@Akiva I assume you consider, like, a shape like "V" a polygon and what not
You can easily limit to that if you take intersection of nonconvex chaps
Decreasing intersection of polygons of exactly $n$ sides should in general be a polygon of $n$ sides, with degeneracies (which are polygons with certain vertices and edges squished together)
so you also get shapes like polygons with an edge sticking out etc etc etc
Anyhow, Gelfand-Fomin and Bliss are standard good texts, I think (old fashioned, though).
I dunno how you see it's closed that way, @PVAL. I guess I thought I remembered some sort of infinite-dimensional Morse theory argument, but I haven't thought about this in centuries.
@TedShifrin probably could replicate that with a tube-plot-like parameterization using the type I'm referring to but I see what you mean about it not really being the right way to create it or the most straightforward.
@TedShifrin true. I wasn't so much referring to the mathematical usage though as I was referring to the means of creating the 3D model, in which case it might be easier to just make a tube plot than to make a tube plot and a surface of revolution. More code = more bugs.
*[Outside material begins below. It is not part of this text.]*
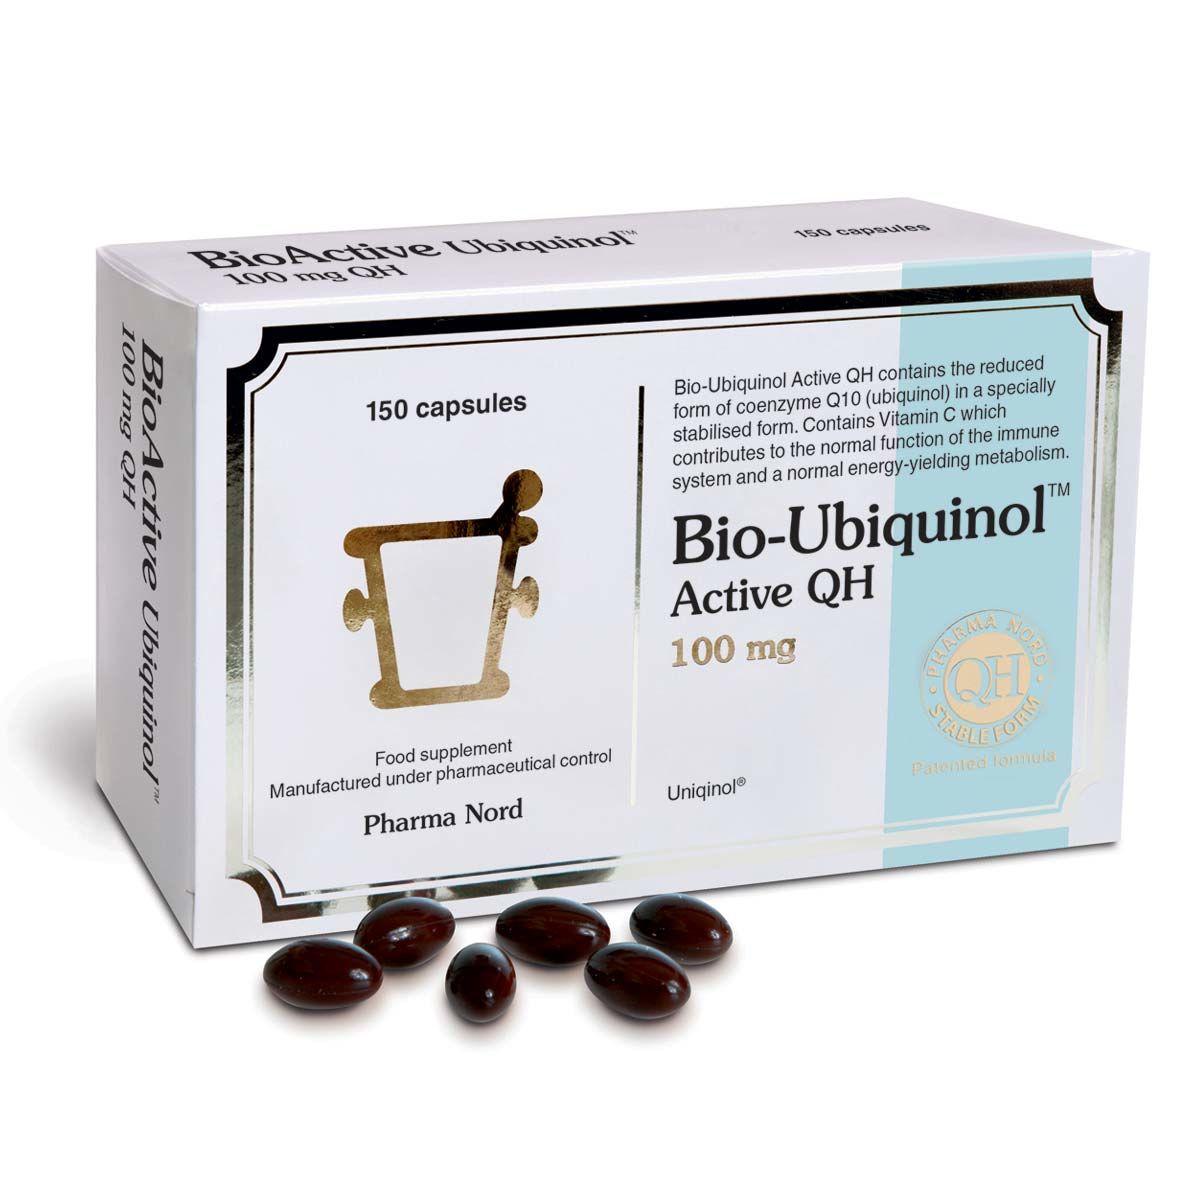 Bio-Ubiquinol Active QH 100mg 150's

We don't want roaches.
btw, that comment you made yesterday still cracks me up.
He defines 3 invariants of generically immersed plane curves which are invariant under regular homotopies of immersions with no triple points and self-tangencies, by defining them for the standard turning number immersion with the least number of self-intersections and defining the jumps over triple intersections and self-tangencies.
Arnol'd did a lot of stuff with singularities of maps. (McCrory and I wrote a JDG paper, as it turned out, doing all the technical details that Arnol'd skipped over. And making the Chern class arguments clearer, too.)